说到底都怪那个小疯子。
蒋婵脑中思绪翻转,最后对霜月道:“一会儿让人去给他添添香。”
霜月最近胆小的做了许多胆大的事,多少有些习惯了。
她家姑娘嘴里的添添香,进到她耳朵里就自动转换成了另一句。
一会儿让人去往黄泉路上送送他。
霜月略带麻木的问:“可是老爷正乐呵着,添香也无用吧。”
“他乐不了多久,让人送消息去各大茶楼酒肆,把他二十年前就让人废了命根子的事传出去,明天一早,我想让全京城的人都知道他是个假君子,真太监。”
霜月打了个寒颤。
谁要得罪了她家姑娘,那罪就遭去吧。
疼死人不偿命。
也怪老爷,非得笑非得笑。
不然没这么快死的。
她领了命转身要走,忽然想起什么,犹豫的问道:“姑娘,如果老爷在这个节骨眼上死了,那世子他……”

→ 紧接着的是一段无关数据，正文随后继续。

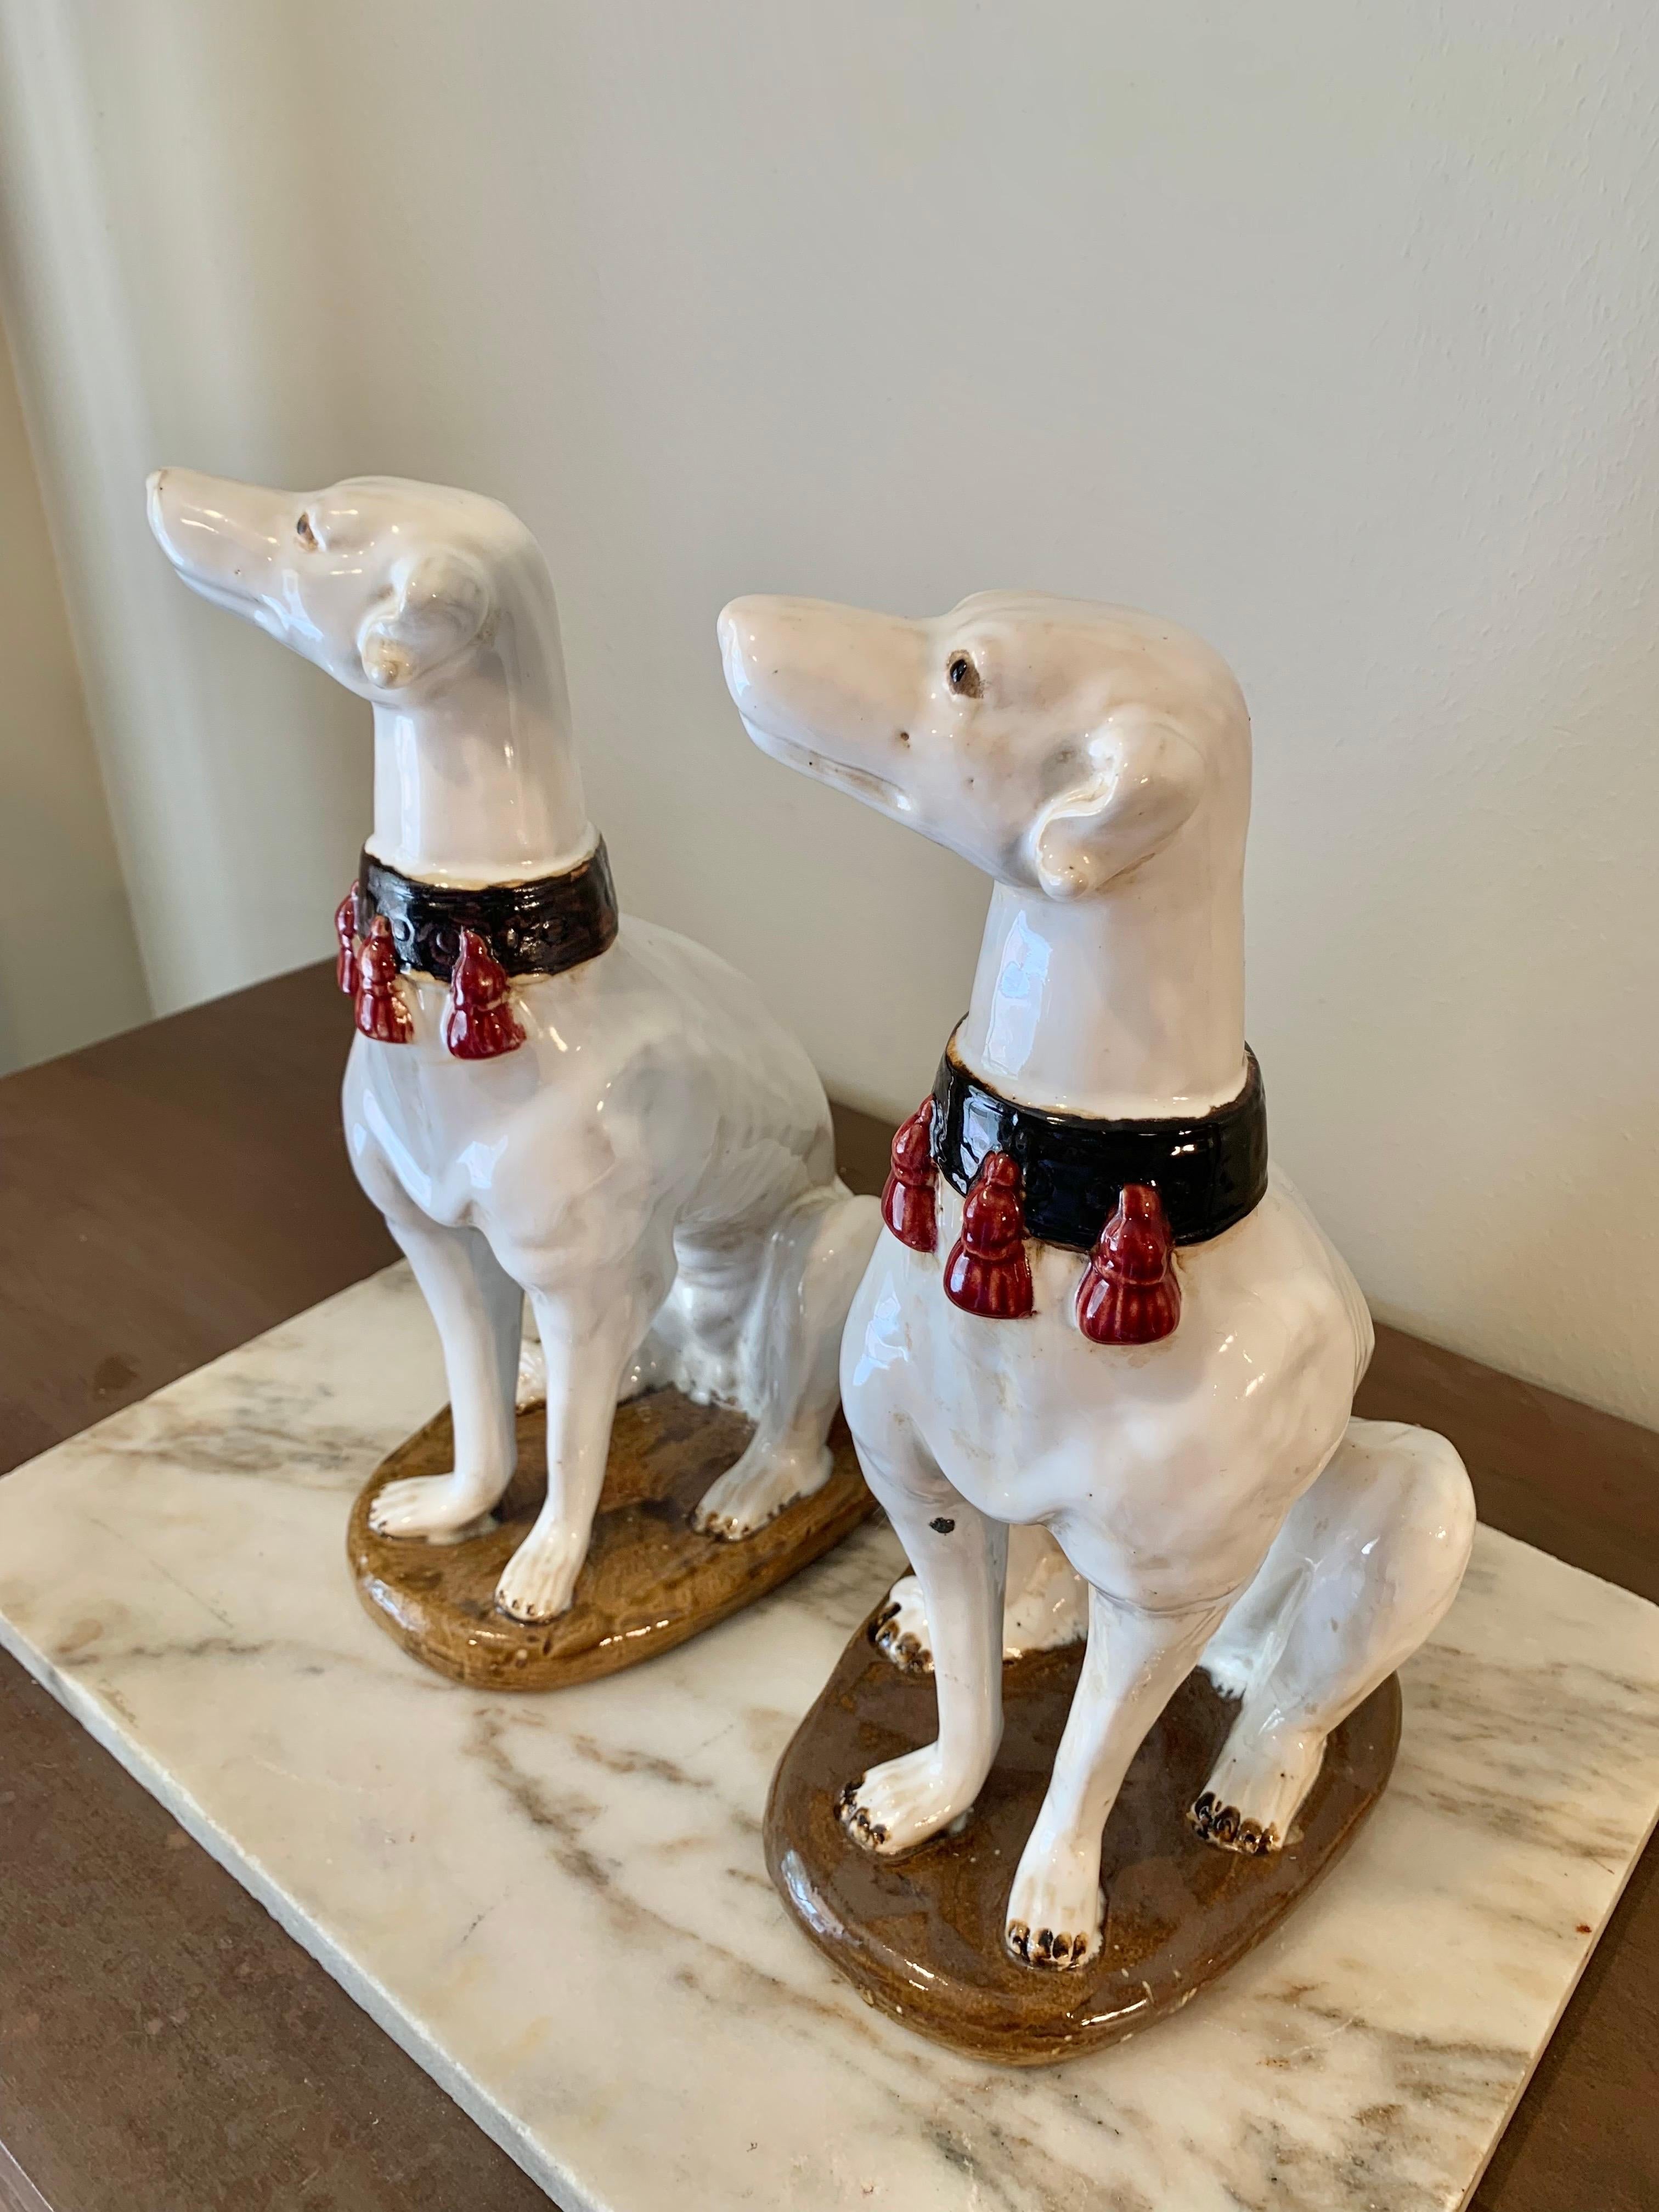 Mid 20th Century Italian Ceramic Whippet Sculptures - a Pair For Sale 5

“他就更要被责罚了,旁人会说卫修的死与他有关,为了堵住悠悠众口,皇上不会轻易放过他。”
霜月:“姑娘都清楚?”
“自然清楚,只是我更清楚人得先为自己。”
卫修一旦起复,死的就是她了。
出了这样的事,她在外的名声已经有了污点,随意找个奸夫,再给她扣个不守妇道的名头,卫修就能弄死她。
纵使旁人知道她是被冤枉的又如何?
这毕竟是卫家。
到了那时,她能指望别人来救吗?
不,她选择一开始就不让自己陷入那样的境况。
卫修必须死。
祁彦这个乱行的棋子自己走到了背锅的位置上,不能怪她。
霜月明白了。
她的存亡和她家姑娘是绑在一起的。
她们的命自己不看重,还能指望谁去看重。
她按蒋婵的吩咐一件事一件事的办了下去。
等老爷一死,少爷头上有夫人压着,总能消停一些。
日子会好过的。
蒋婵想的则更深远些。
她彻夜未眠,把前些日子起草编写的医书赶了出来。
这医书浅显易懂,写的都是女子常见病症的一些预防和诊治。
前些日子她在医馆里诊治住在附近的妇人,回来后想起,比起口口相传,一本通俗易懂的医书传播的能更快更远。